On being at the mercy of the great outdoors...
"It’s absolutely terrifying because you don’t have control over anything. You don’t have any sense of containment, landscapes are absolutely overwhelming. Your camera is suddenly smaller, and it's very difficult to get perspective on what you really need to do and how to achieve it. When you're exposed to such tough conditions, when you're outdoors for 90% of the day, the logistics of everything certainly make the process very difficult. 

Of course, it was always considered that we would have to be dealing with difficult conditions, so we prepared enormously, we rehearsed enormously. We did all our work with months in advance and logistically it was an amazing achievement, but no matter how well you prepare, nature will be bigger than you every time and you have to surrender and be humble and find solutions. But once you get into a rhythm, then it’s fascinating. You learn that sometimes those problems give you gifts creatively. So it’s a process that you, in a way, are learning as you are doing – as every great process of self-expression goes."

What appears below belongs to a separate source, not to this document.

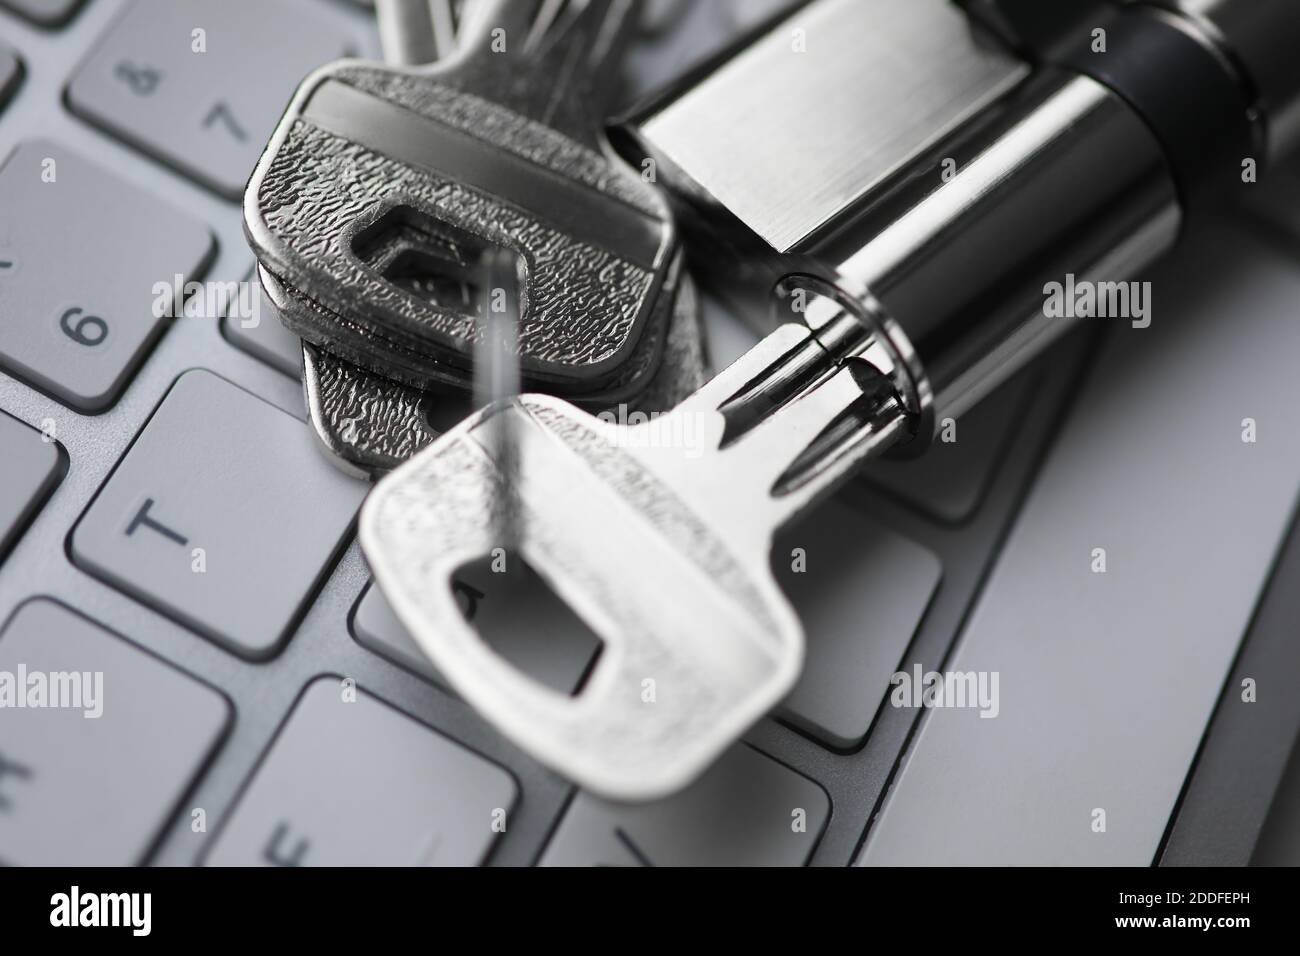 Chiave argentata con lucchetto giace sul retro del closeup della tastiera bianca. Foto Stock

On epic films that inspire him...
"One of my favorite films in the world is Andrei Rublev by Andrei Tarkovsky. Another that I find very impressive is A Letter Never Sent by Mikhail Kalatozov, which is amazing. Dersu Uzala by Akira Kurosawa and [Francis Ford] Coppola’s Apocalypse Now. Oh and Aguirre, the Wrath of God and Fitzcarraldo, both by Werner Herzog – those are also really powerful."

On working with DiCaprio and other talents...
"I appreciate every actor’s process, but I think have been lucky to work with great actors all my life. The standards, and the honesty, and the truth they are looking for is the same as mine. And working with Leo has been one of the best collaborative experiences I've had, because he is so rigorous and so passionate about things, and nothing is false in his performance, which was a great thing."

On perfectionism...
"I’m a mess as a human being; nothing is very controlled in my daily life. But when I’m working, the way I get passionate about it means that I pay attention to every detail."

On soundtracking The Revenant...
"I knew conceptually what would be needed. I knew that it would have to be noninvasive – I knew it would need a lot of silence and that it would have to integrate the sounds of nature into the score. I knew conceptually what kind of thing I wanted, but I didn’t have any tracks in mind as I had with Birdman. So it was starting from scratch. I have been a fan of Ryuichi for 30 years and it was such an honor for me to work with him. When he was sending things through and everything was just right on, it was a great feeling."

On his favourite soundtracks...
"I love soundtracks! To name a few of my favourites, there's Jean-Luc Godard’s Contempt, Vangelis’ Blade Runner and Once Upon a Time in America by Ennio Morricone. I think those are really amazing sound scores."

On deciding to become a filmmaker...
"I think that decision came later in my early life, when I was around 19 or 20 years old. That was when I began to consider it, not super clearly but I was playing with the idea. There wasn't one moment or one film that made me realise this; I have many films that I saw in that period. I’m not the kind of director who can say, ‘I remember at four years old I saw this and that’ – I have never been so clear. I wish I could be but I don't really know where things come from in my life: it’s a blur of experiences."

On being the youngest of five children...
"I think, being the last one, my parents didn’t pay me a lot of attention. For the good and for the bad. You need attention, so that’s the bad side, and the good is that I wasn't as taken care of as my sisters and brothers, so in a way I was a little bit more free. I am absolutely different from all my family – I’m the only one who does what I do, and who has chosen this kind of career. Does my position really mean something? I don’t know... I guess yes, maybe it stemmed from wanting to prove myself as a little boy, to prove I will do better."

On Hollywood vs independent cinema...
"I miss making independent films, I do, but I honestly have nothing in my mind now. The only thing I'm dreaming of is going into a cave like a bear and hibernating for six months."

The Revenant is in cinemas nationwide from today.